Wednesday, August 7, 2013

Shaping Your Swing World

Last time I wrote roughly about how movement works when you're relaxed.  In fact, other than my first one, I've mostly addressed physics.  So I thought I'd take a crack at philosophy for a moment.

Submitted for your approval

I'm gonna be honest with you. I'm a little nervous about this one. You don't say something about how to change or shape the world without presenting something that resembles some form of moralism, but I don't want to preach at you. I think of this as just as practical and operational as learning to swingout, and just as important.
So, please take this as that: a view on something that I think is important and has helped me in my dancing which I think will also help you. This isn't rocket science. I suspect that most of this will be obvious. I just want you to think about it with me.
So what is it that I'm talking about? I'm talking about how you interact with other dancers. Part of that is asking them to dance. Part of it is other things.

I was inspired by this and this, both of which got me thinking about it.

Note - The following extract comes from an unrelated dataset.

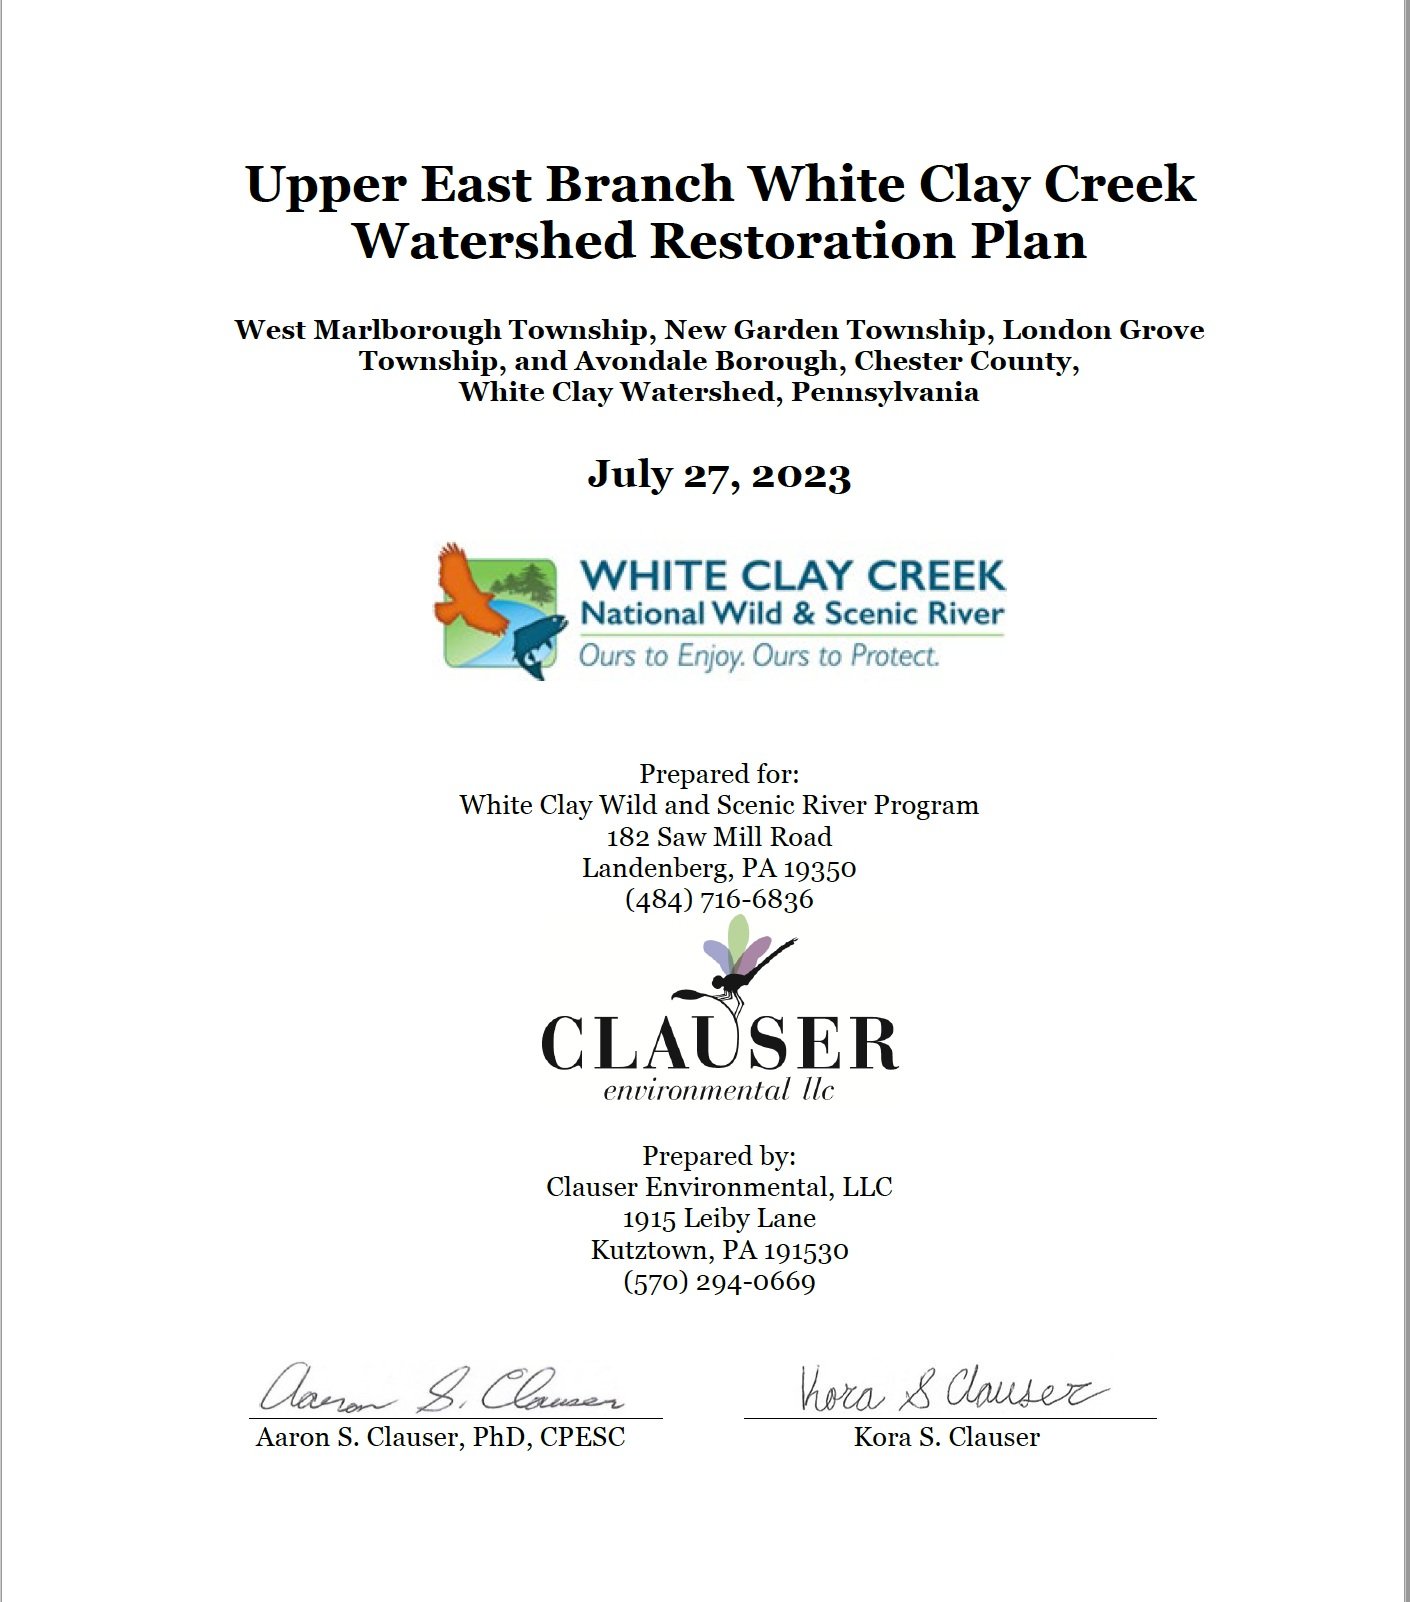 Upper East Branch White Clay Creek Watershed Restoration Plan
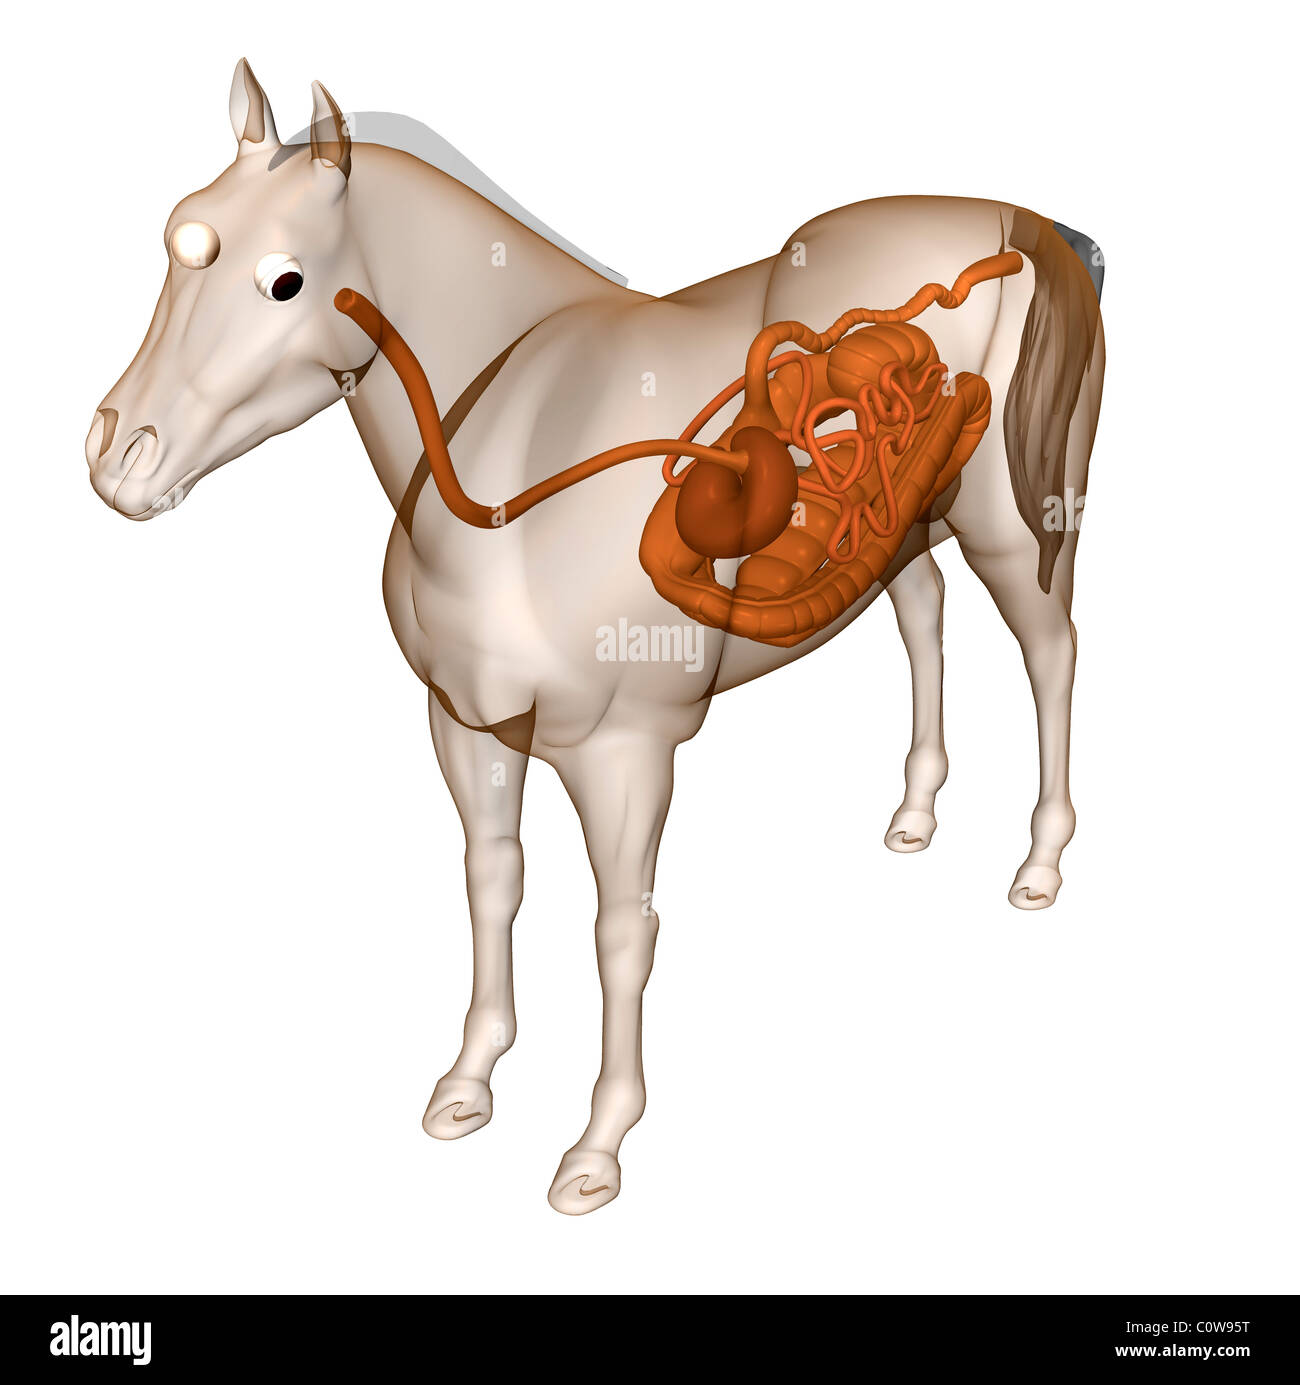 horse anatomy digestion stomach guts tract duodenum transparent body Stock Photo

Now I think it's telling that both of these dancers are women, and traditionally, women have been asked more than they have asked. So they have had many more experiences upon which to form opinions that answer the question "what do I do when someone asks me to dance?" So I will not touch on that one. I'm going to try to generalize. I encourage you to read both of these articles and come up with an opinion on the subject. Mine, in general, is that honesty and kindness should be your main staples.

I'd generalize with two questions:

What is My Role?

Are you thinking that you don't have a role? That you're just there to try things? Humans are social animals. If your scene is between 100 and 230 people, you are probably a part of the social group that includes your entire scene. You might be an advanced dancer, a beginner, someone who just likes to listen to the music, or someone who watches, someone who reaches out to beginners, someone who teaches, someone who goes to dance with their friends.

In any case, you are part of the group. Your actions within the group have some affect - however small - on the whole. Some of you, I know, would just like to go out and have a good time and be anonymous like you would at a club. This isn't just a club, though. People don't meet anonymously and then vanish.

So what is your role? I don't know what it is for sure, but I know what it isn't. It isn't your title. You might be president of your local swing club, but that might or might not mean that you're the one leading people to dance. Your role may be other than you think. It's worth considering.

What if everyone did what I did?

Here's where I can't be as specific in all cases. I will simply go over a few of my thought processes:
  1. I have worked to learn how to dance with newer dancers because experienced dancers are constantly leaving, and I want to be able to dance with experienced dancers because it's fantastic.
  2. It is not at all apparent who or when someone is going to strive to become a better dancer, so I can't be sure who to focus on.
    Case in point, actually, are two of my favorite dancers now. Both had to stop for a while due to injury, and weren't as serious as they became when they returned after dealing with the injury.
  3. Therefore, I behave in as encouraging manner as possible toward as many people in the scene as possible
This means that I actively seek out and dance with beginners. It means that I say "no" very, very rarely to any dances - and when I do, I find a way to connect with the person that I didn't dance with to encourage them. It means that I invite lots of people of every level of experience to as many events as possible. It means that I attend as many different kinds of events as I can, travel regularly, and train to make myself an enticing dance partner.

I do these things not because I feel obligation to do them, but because I believe that my actions will shape my scene in the way that I want it to be shaped, and I believe that not doing these things will have a negative impact on that shape - and that not doing them will mean that someone else must carry the burden of doing these things to shape the scene for me.

Perhaps these kinds of thoughts don't apply to your scene. If, for example, you live in a scene steeped in a long tradition of dancing that doesn't regularly see people come and go, your ambition might be to raise the quality of dance much more, and your actions may reflect this. Perhaps you'd feel, for example, that you'd want to turn down more dances to motivate people to get better in order to earn the right to dance with you, or you'd not attend certain venues because of the level of dance.

So Where Are You?

I have a feeling that most people who might read this long string of text are close to where I am; have roles similar to mine - that they attend dances at a scene that has a regular influx of beginners and outflux of older members and are gradually moving towards being one of those older members themselves. How do you want that to go?